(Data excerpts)
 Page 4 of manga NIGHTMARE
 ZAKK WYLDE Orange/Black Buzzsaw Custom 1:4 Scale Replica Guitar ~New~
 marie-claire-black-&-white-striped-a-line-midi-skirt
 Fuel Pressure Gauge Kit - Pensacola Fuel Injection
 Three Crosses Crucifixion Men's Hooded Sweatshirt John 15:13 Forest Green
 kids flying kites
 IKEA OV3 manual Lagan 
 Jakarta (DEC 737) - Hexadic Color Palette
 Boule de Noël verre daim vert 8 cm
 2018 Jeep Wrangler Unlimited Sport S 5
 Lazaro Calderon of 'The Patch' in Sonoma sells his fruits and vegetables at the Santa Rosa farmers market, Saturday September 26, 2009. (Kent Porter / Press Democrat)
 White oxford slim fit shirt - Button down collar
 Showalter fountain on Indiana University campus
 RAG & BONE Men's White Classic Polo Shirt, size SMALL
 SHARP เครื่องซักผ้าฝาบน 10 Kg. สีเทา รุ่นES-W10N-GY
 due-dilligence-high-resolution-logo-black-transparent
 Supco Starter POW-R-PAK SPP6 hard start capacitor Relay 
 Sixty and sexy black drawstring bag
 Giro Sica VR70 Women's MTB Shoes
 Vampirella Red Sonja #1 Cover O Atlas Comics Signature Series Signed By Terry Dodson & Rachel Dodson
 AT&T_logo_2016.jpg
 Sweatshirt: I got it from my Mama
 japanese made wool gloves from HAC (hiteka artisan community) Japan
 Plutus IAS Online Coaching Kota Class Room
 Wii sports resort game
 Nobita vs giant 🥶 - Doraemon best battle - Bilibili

* What the task asks: From the records above, print only the lines between the one holding "Lazaro Calderon of" and the one holding "Showalter fountain on", inclusive, exactly as they stand.

* Written answer:
 Lazaro Calderon of 'The Patch' in Sonoma sells his fruits and vegetables at the Santa Rosa farmers market, Saturday September 26, 2009. (Kent Porter / Press Democrat)
 White oxford slim fit shirt - Button down collar
 Showalter fountain on Indiana University campus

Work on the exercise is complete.